1. Core Approach: Unsupervised → Supervised

Key Insight

All three unsupervised tasks leverage the pre-trained TabPFN by converting unsupervised problems into supervised learning problems.

The Main Pattern

# Unsupervised: Work with unlabeled data X

# TabPFN Solution: Treat features as labels!
X_input = X[:, conditioning_features]  # Some features as inputs
y_target = X[:, target_feature]        # One feature as "label"

model.fit(X_input, y_target)  # Standard supervised learning!

Example:

  • Original data: [Age, Income, Credit] (no labels)
  • Reframe: Use [Age, Income] to predict Credit
  • Learn: P(Credit | Age, Income) via supervised learning

Core Engine: density_() Function

The shared workhorse for all three tasks:

def density_(X_predict, X_fit, conditional_idx, column_idx):
    """
    Converts unsupervised → supervised.
    Learns: P(feature_column | features_conditional)
    """
    # 1. Extract features
    X_train = X_fit[:, conditional_idx]  # Input features
    y_train = X_fit[:, column_idx]       # Target feature

    # 2. Select model (classifier vs regressor)
    model = tabpfn_clf if categorical else tabpfn_reg

    # 3. Fit and return
    model.fit(X_train, y_train)
    return model, X_test, y_test

This function is called repeatedly with different feature combinations, building up the solution through multiple supervised problems!

2. TabPFN Regression Architecture

The Surprising Truth: Regression = 50-Class Classification

TabPFN doesn’t do traditional regression.
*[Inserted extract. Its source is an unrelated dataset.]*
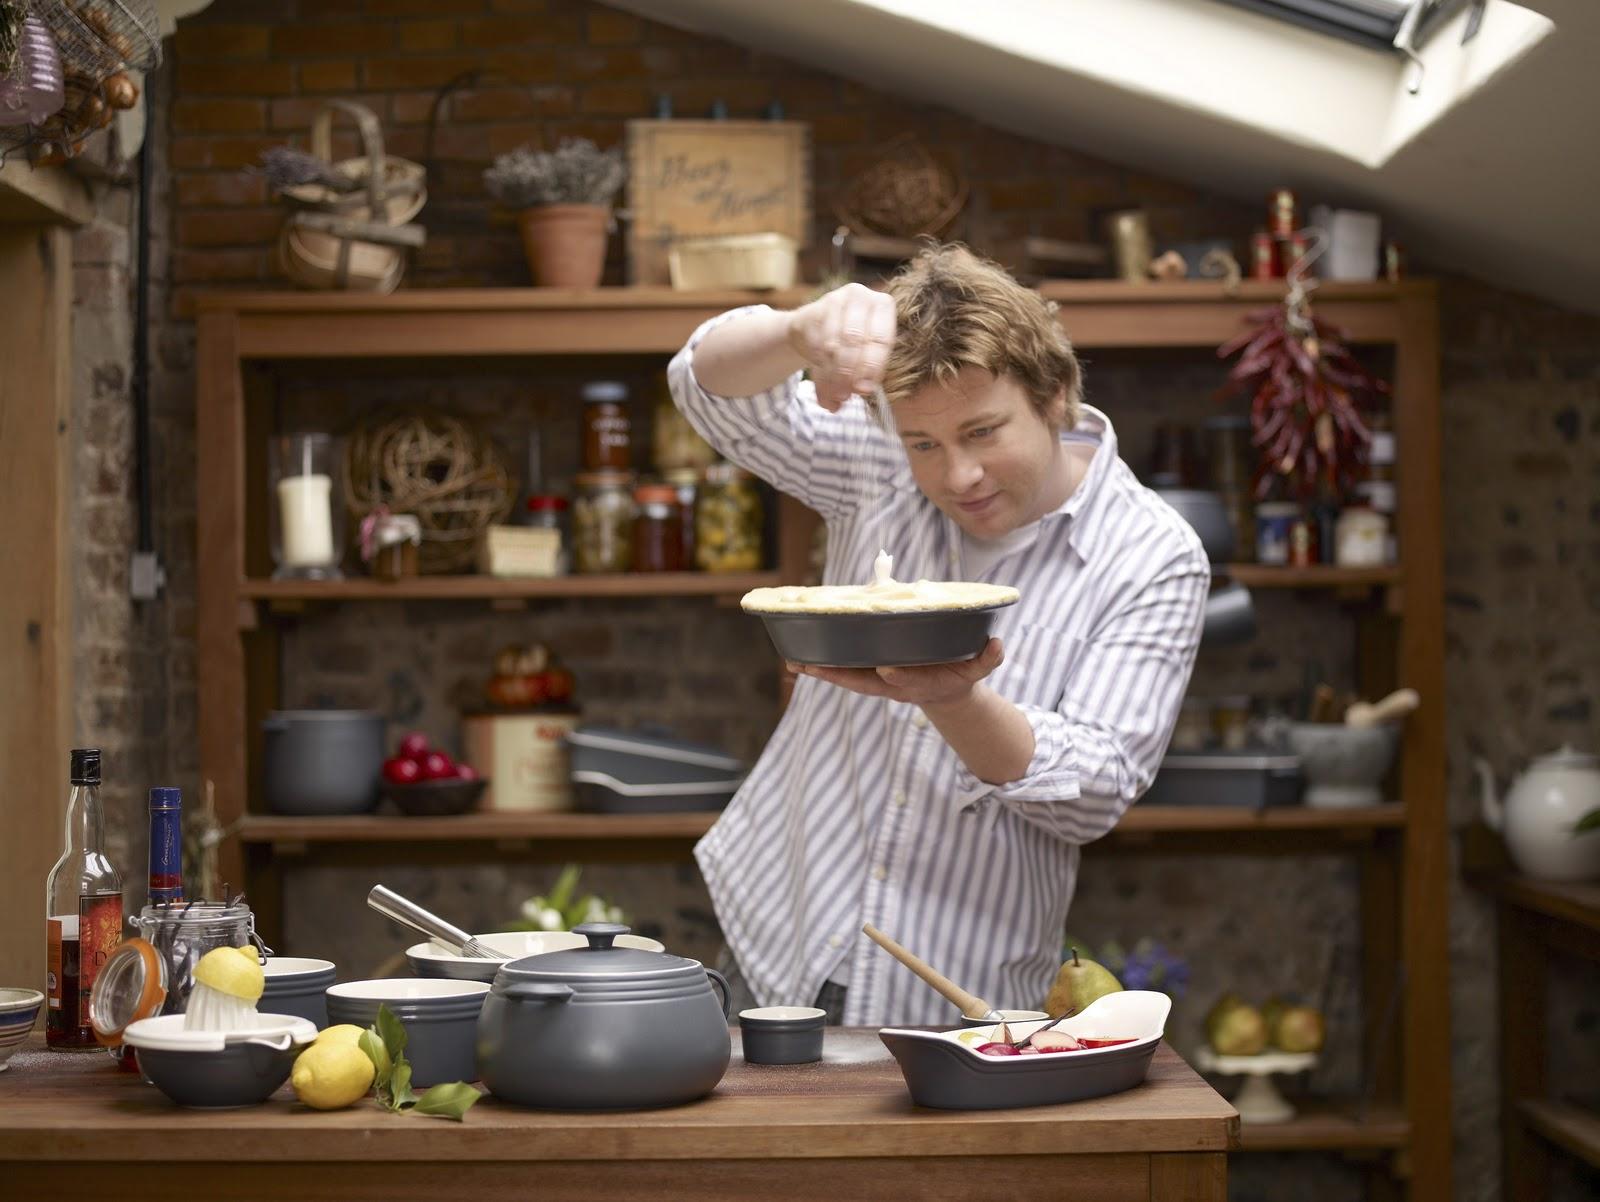 La cocina de evenstar jamie oliver la revoluci n for Jamie oliver utensilios de cocina
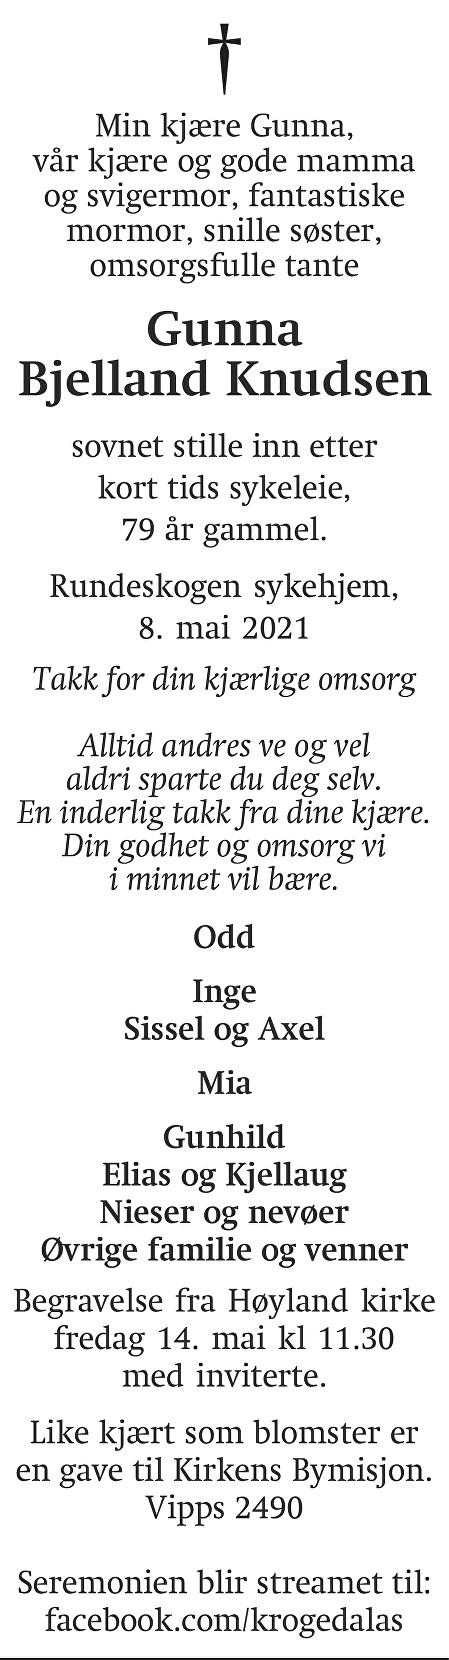 Gunna Bjelland Knudsen Dødsannonse

Instead, it performs classification over discretized value ranges.

How It Works

Step 1: Discretize Target Range into 50 Bins

Target range [100K, 500K] → 50 equal bins
Bin 0:  [100K, 108K]
Bin 1:  [108K, 116K]
...
Bin 49: [492K, 500K]

Step 2: Train as 50-Way Classifier

  • Convert continuous values to bin indices (class labels)
  • Train with cross-entropy loss (standard classification)
  • Output: Probabilities over 50 bins

Step 3: Two-Stage Sampling

Stage 1: Sample which bin (categorical sampling from probabilities)
         e.g., Bin 2 selected with 50% probability

Stage 2: Sample value uniformly within bin
         e.g., uniform(5.0, 7.5) → 6.2

Key Properties

Property Value Notes
Number of bins 50 (typical) Fixed in architecture
Bin ranges Dynamic Adapt to dataset
Output Probability distribution Uncertainty quantification
Loss Cross-entropy Classification loss

Advantages: Uncertainty quantification, multi-modal distributions, transformer-friendly Trade-off: Discretization error (±half bin width) vs. uncertainty

Task 1: Imputation

Goal

Fill missing values (NaN) in datasets.

Strategy

Use all available features to predict each missing feature, processing column-by-column with row filtering.

Key Steps

  1. Identify columns with NaN - Find which features have missing values
  2. For each column with NaN:
    • Condition on ALL other features (maximize information)
    • Filter rows: Only process rows that have NaN in this specific column
    • Generate multiple permutations of conditioning features
    • Average predictions across permutations
    • Sample values (low temperature = deterministic)
    • Fill NaN positions in this column
  3. Move to next column and repeat

Example with Row Filtering

Input Data:
  Row 0: [25, NaN, 750]  ← Has NaN in column 1
  Row 1: [30, 60K, NaN]  ← Has NaN in column 2
  Row 2: [35, 70K, 800]  ← Complete, no NaN

Process Column 1 (Income):
  - Filter: Only Row 0 has NaN in column 1
  - Condition on: [Age=25, Credit=750] (all other features)
  - Predict: Income ≈ 52K
  - Fill: Row 0, Column 1 = 52K

Process Column 2 (Credit):
  - Filter: Only Row 1 has NaN in column 2
  - Condition on: [Age=30, Income=60K] (all other features)
  - Predict: Credit ≈ 745
  - Fill: Row 1, Column 2 = 745

Result:
  Row 0: [25, 52K, 750]  ✓ Imputed
  Row 1: [30, 60K, 745]  ✓ Imputed
  Row 2: [35, 70K, 800]  ✓ Unchanged

Key Characteristics

  • Column-wise processing: Iterate through columns with NaN
  • Row filtering: Only predict for rows with NaN in current column
  • Conditioning: Use ALL other features (maximum information)
  • Temperature: 0.000000001 (deterministic “best guess”)
  • Efficiency: Skip rows without missing values in current column

Task 2: Synthetic Data Generation

Goal

Generate realistic new samples from scratch.

Strategy

Sequential (autoregressive) generation: Generate features one-by-one, conditioning only on previously generated features.

Key Steps

  1. Start with all-NaN matrix
  2. Generate features sequentially (left to right)
  3. Each feature conditions on ONLY previous features
  4. Sample with higher temperature (diverse results)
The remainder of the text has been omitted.